* Dataset items:
# # #

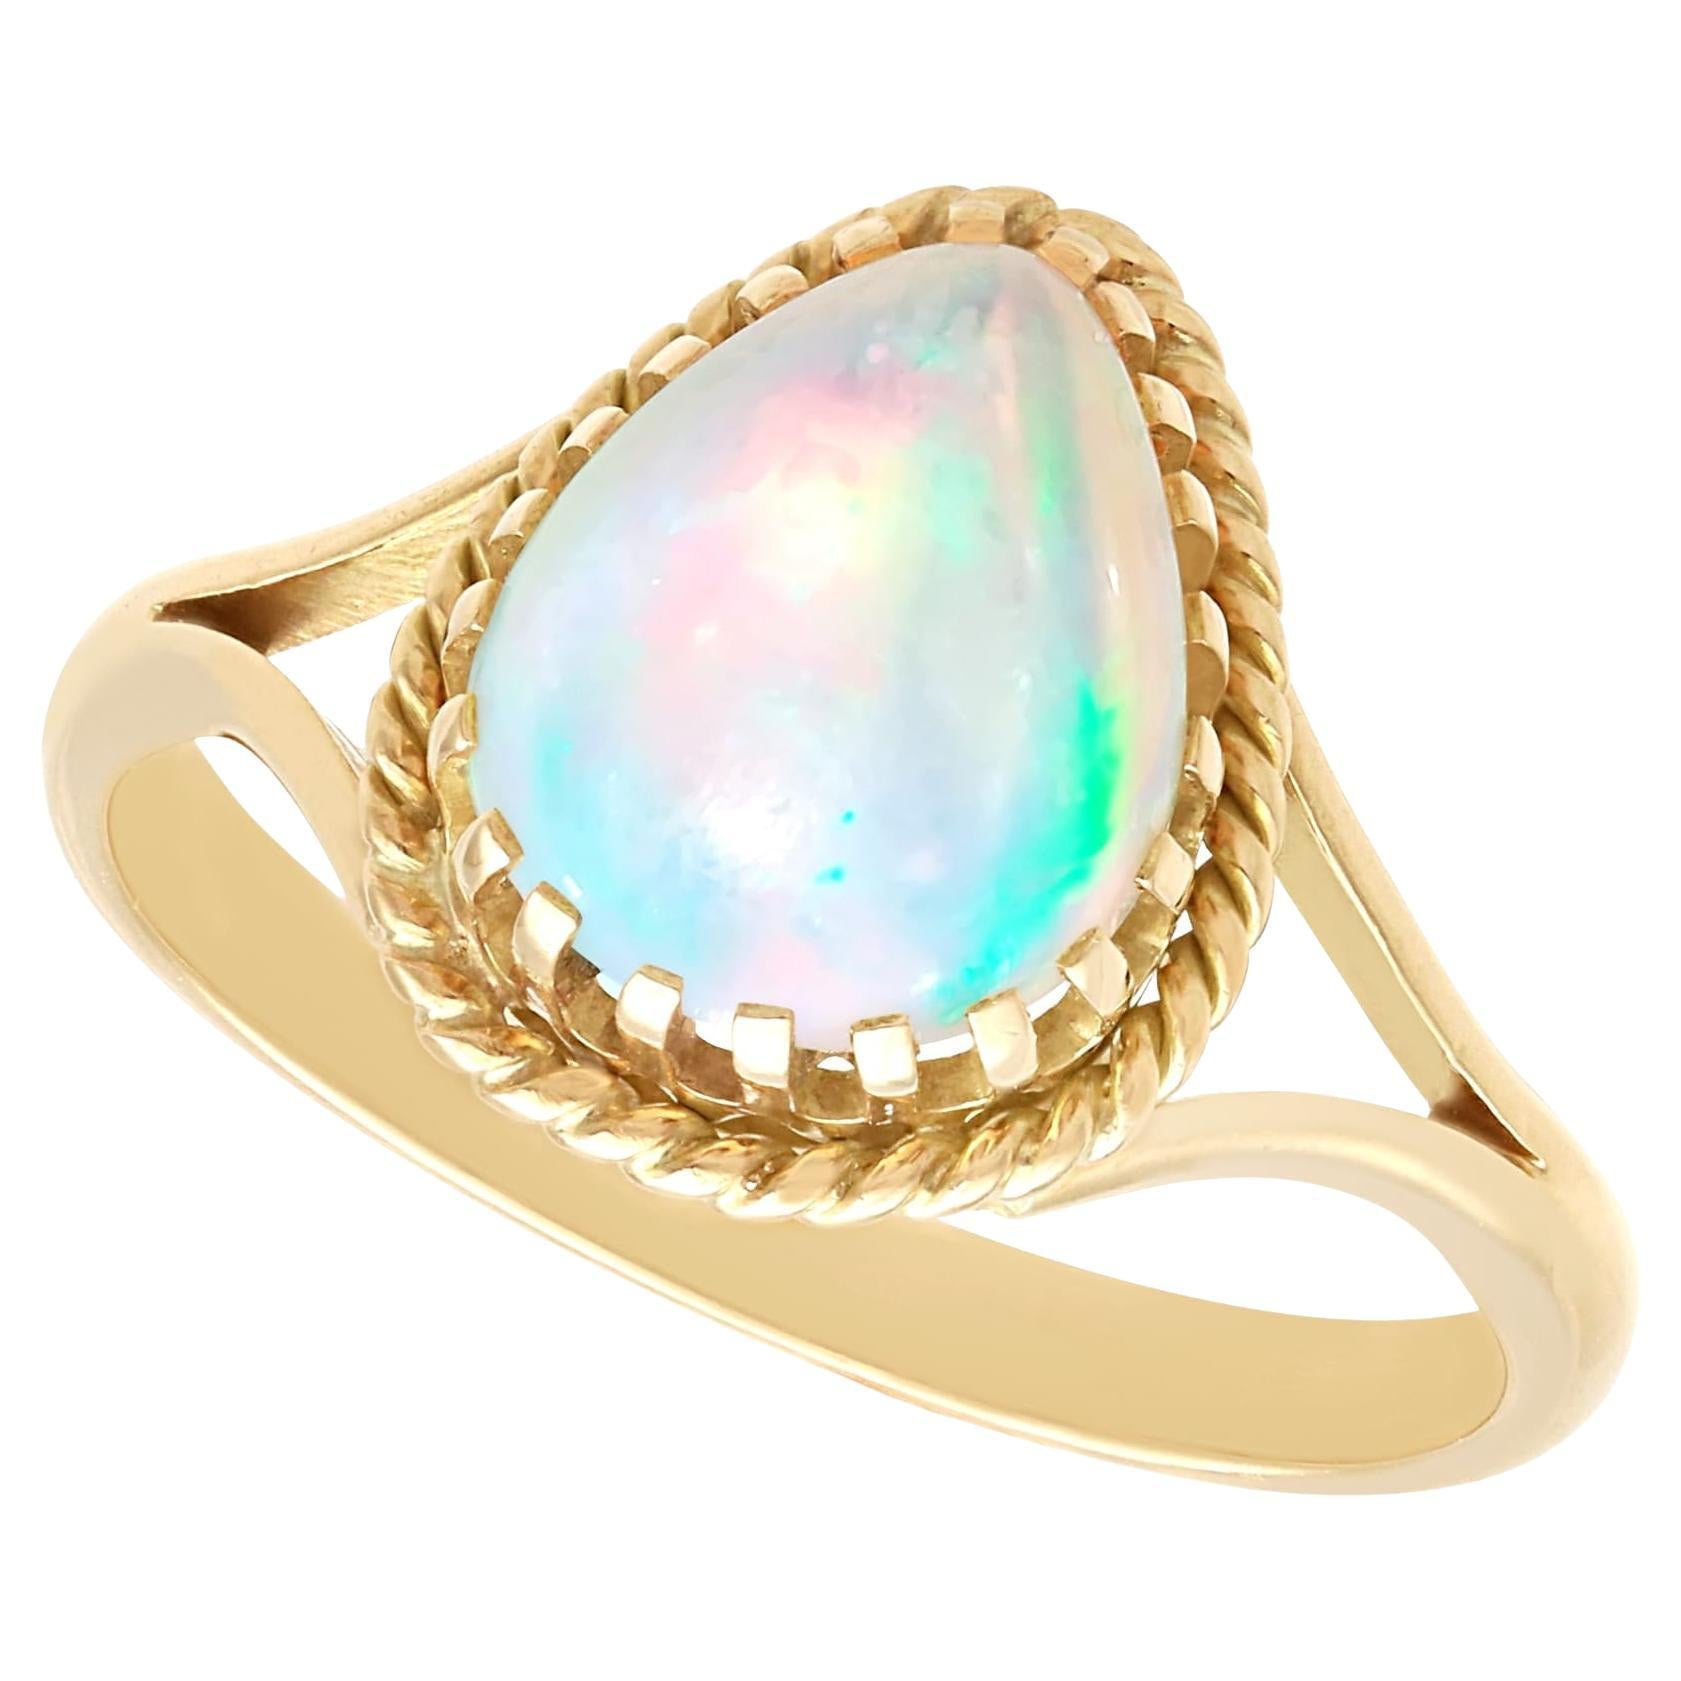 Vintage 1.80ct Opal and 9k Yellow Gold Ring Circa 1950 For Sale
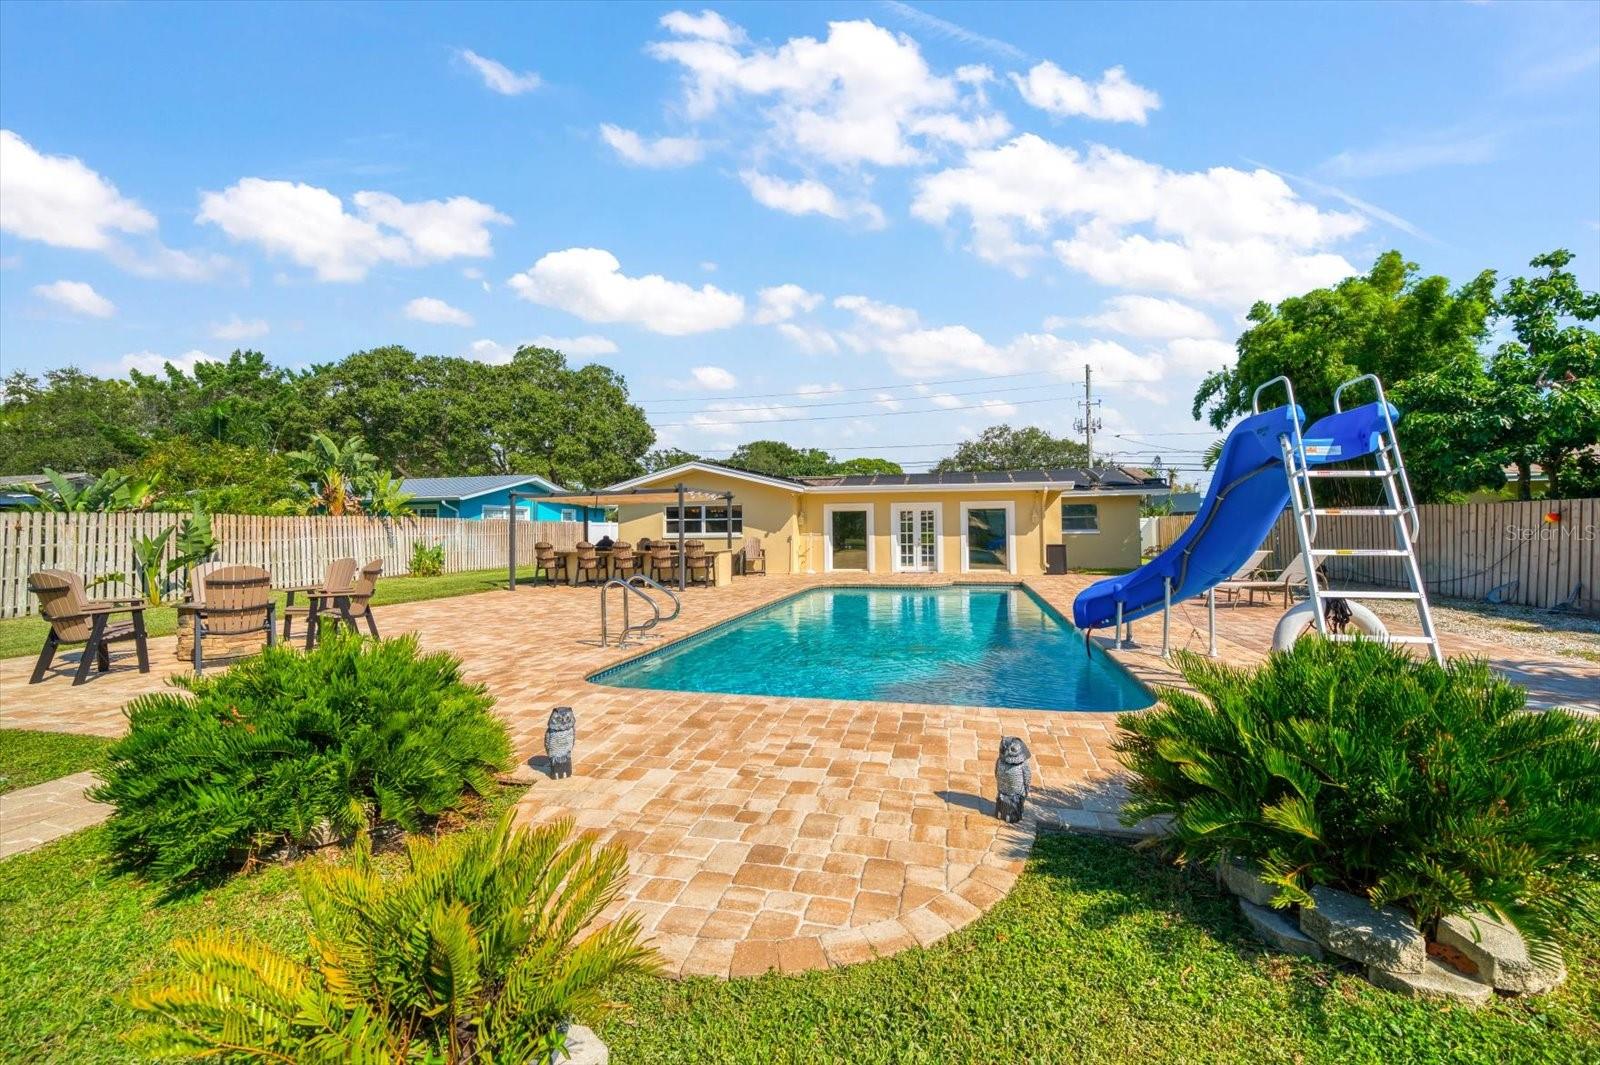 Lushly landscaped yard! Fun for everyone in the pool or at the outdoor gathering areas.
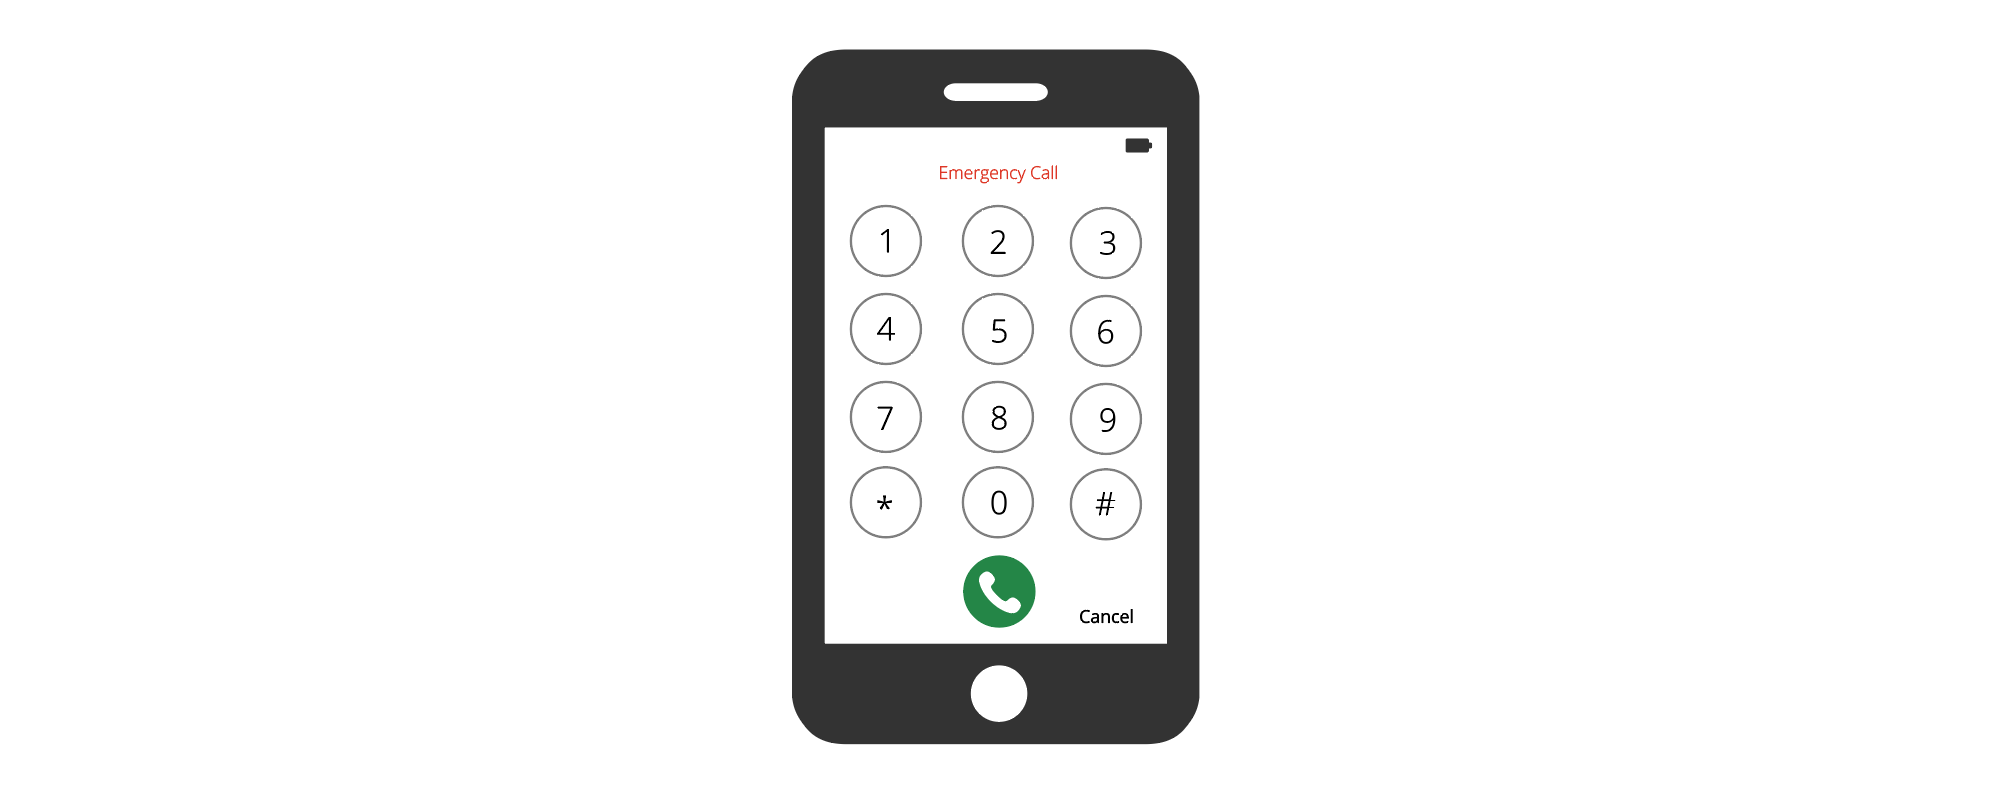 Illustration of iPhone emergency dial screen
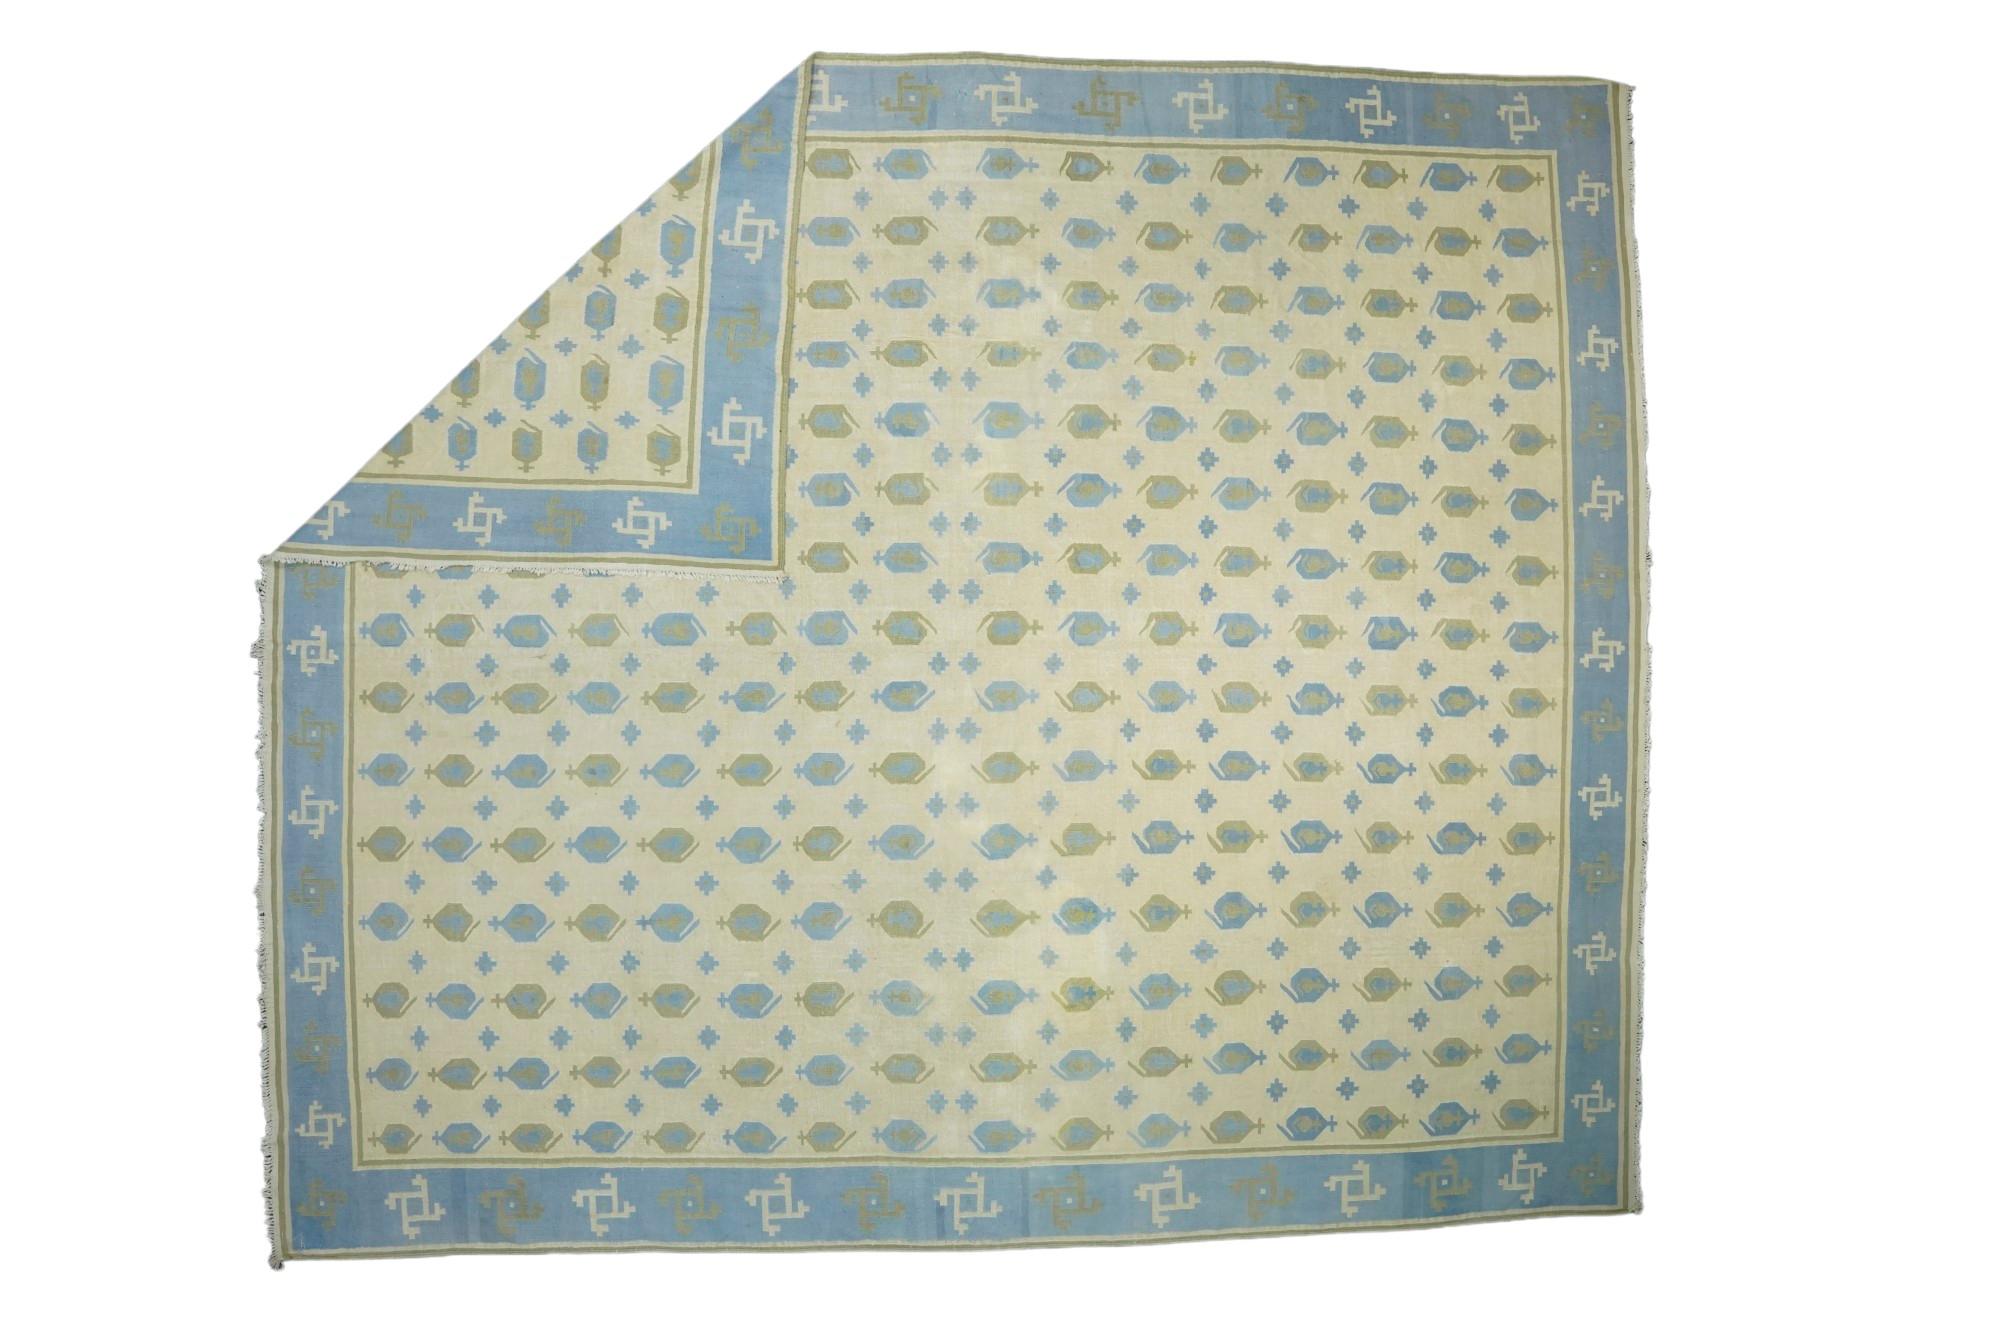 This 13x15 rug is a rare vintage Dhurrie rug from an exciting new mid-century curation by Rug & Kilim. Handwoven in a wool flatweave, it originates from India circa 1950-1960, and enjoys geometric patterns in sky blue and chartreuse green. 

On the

# # #

* Your assignment: An exact copy is required of the lines from the start of the records above through the line with "This 13x15 rug", and only those, without any pictures.

* Solution to this task:
 Vintage 1.80ct Opal and 9k Yellow Gold Ring Circa 1950 For Sale
 Lushly landscaped yard! Fun for everyone in the pool or at the outdoor gathering areas.
 Illustration of iPhone emergency dial screen
 This 13x15 rug is a rare vintage Dhurrie rug from an exciting new mid-century curation by Rug & Kilim. Handwoven in a wool flatweave, it originates from India circa 1950-1960, and enjoys geometric patterns in sky blue and chartreuse green. 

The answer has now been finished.